用印泥拓下大泽备用钥匙的模具后,连夜赶制出来的复制品。
钥匙插入锁孔。
“咔哒。”
锁簧顺滑地弹开。
堂岛严推开铁门,反手将其合拢。
庭院里种了几株名贵的罗汉松,虽然不大,但地面上的枯山水白沙也被打理得一丝不苟。
他踩着边缘的青石板,穿过庭院,直接走到洋楼侧后方的设备外墙处。
一个灰色的方形金属电箱挂在墙上。
堂岛严拉开帆布工具袋,取出绝缘剪线钳。他撬开电箱的金属外壳,视线在密密麻麻的通信线缆中快速扫过。

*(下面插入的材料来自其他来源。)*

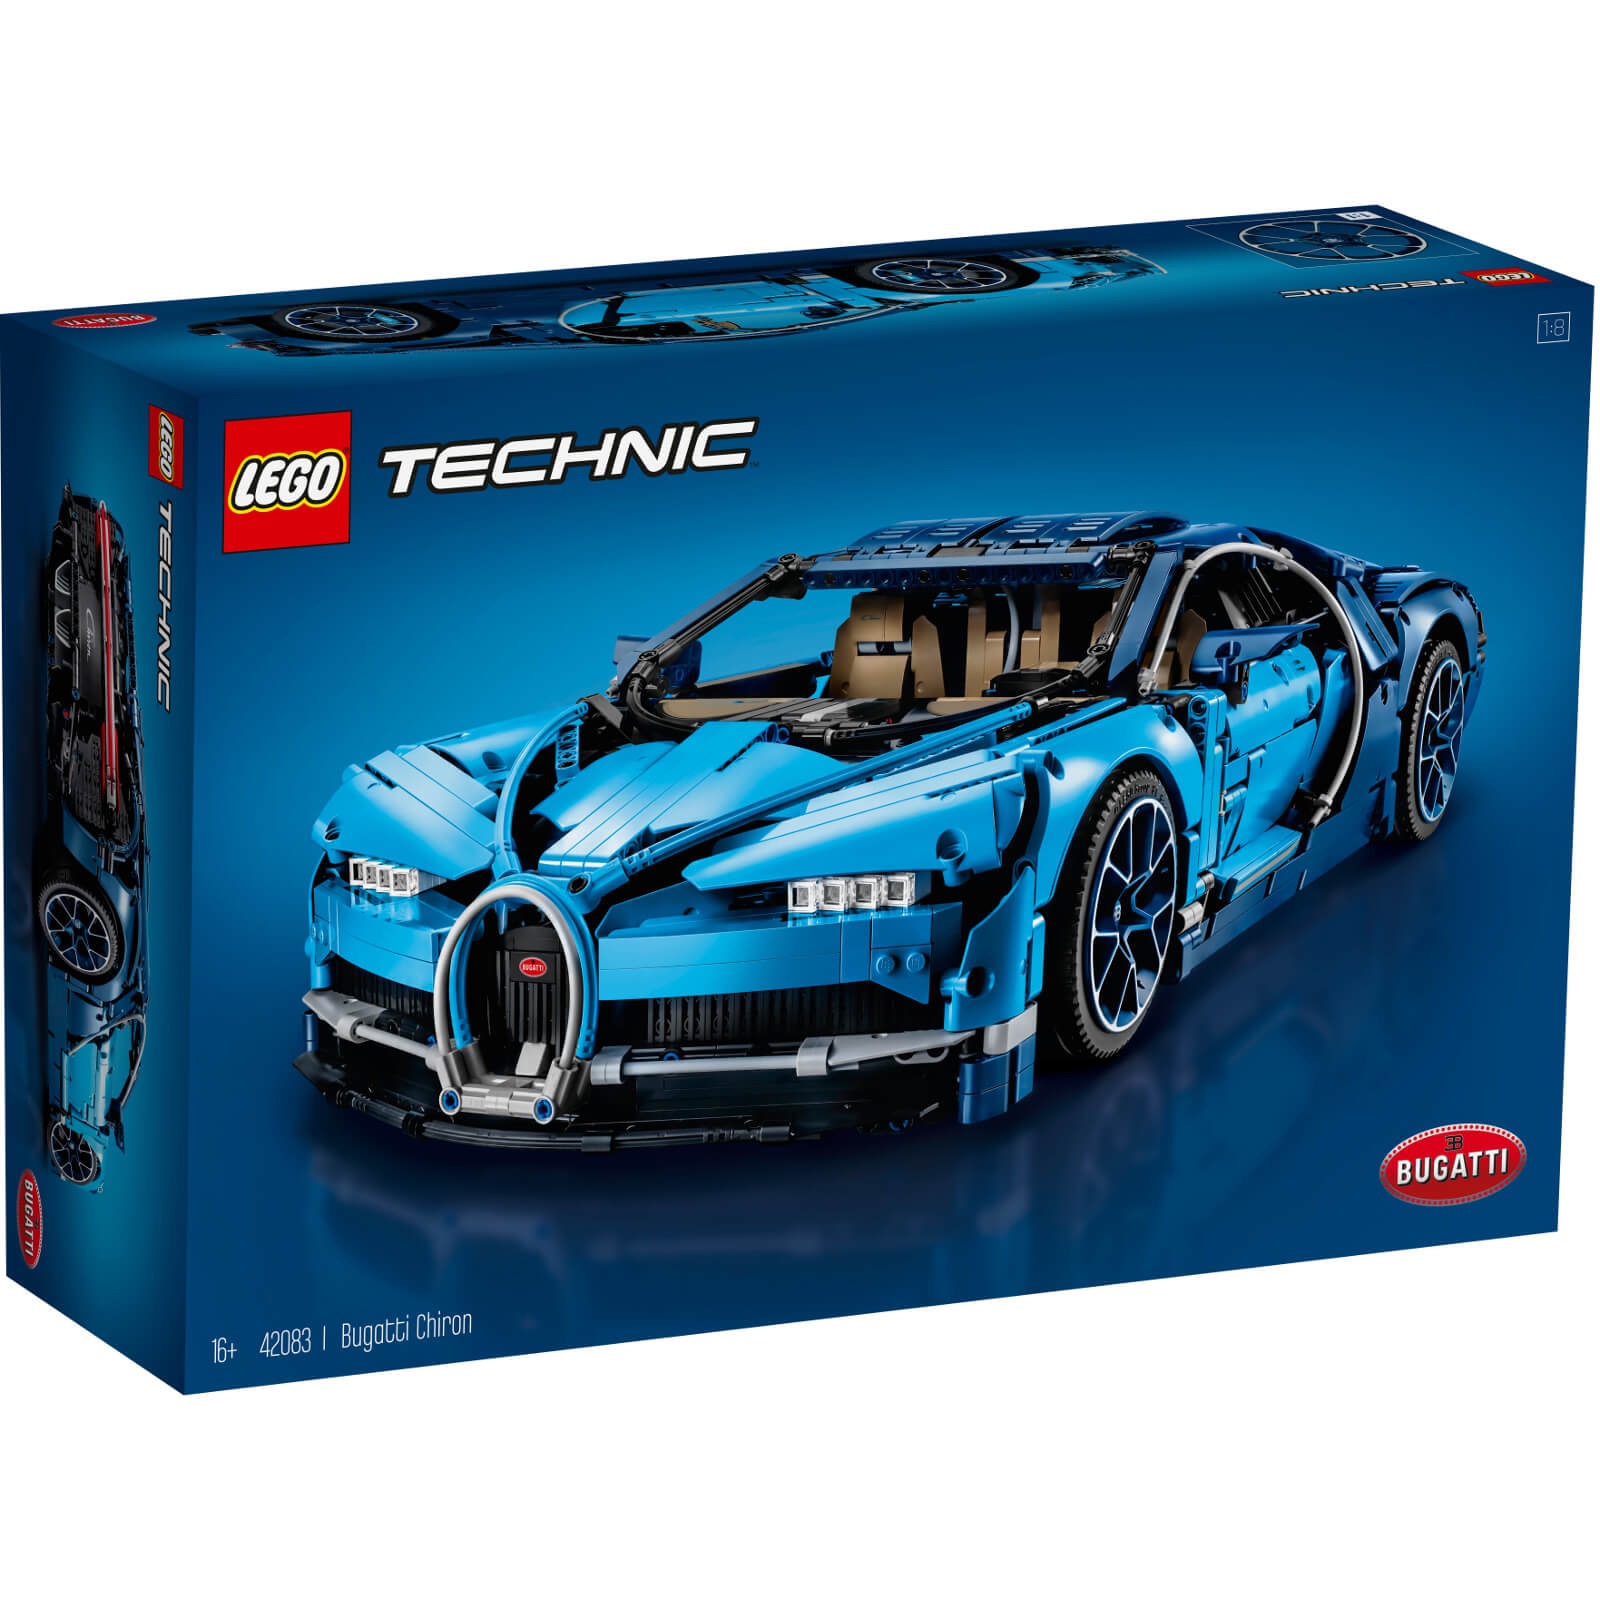 LEGO Technic: Bugatti Chiron Supercar (42083) Toys | Zavvi US布加迪乐高

政客私宅的安保系统并不像银行金库那样复杂。防盗探头与门窗传感器最终都会汇聚到一条直连警视厅的底层报警回路上。
剪线钳的刀口准确地咬合住其中一根带有红色标记的铜线。
“咔。”
极微弱的金属切断声响起。
物理回路被切断。即便稍后推开大门触发了门磁传感器,警报信号也永远无法传达到两公里外的警视厅终端。
堂岛严收起剪线钳,走到后门的玄关处,用同一把钥匙打开了木门。
室内安静极了。空气中漂浮着极其细微的灰尘颗粒。
他换上带来的鞋套,迈步走入走廊。
堂岛严径直踩着铺设了羊毛地毯的实木楼梯,走上二楼。
二楼最深处的房间。
堂岛严走到书房正中央那张宽大的红木办公桌后方,取下了墙上挂着的一幅尺幅巨大的日本风景油画,放在了一旁的办公桌上。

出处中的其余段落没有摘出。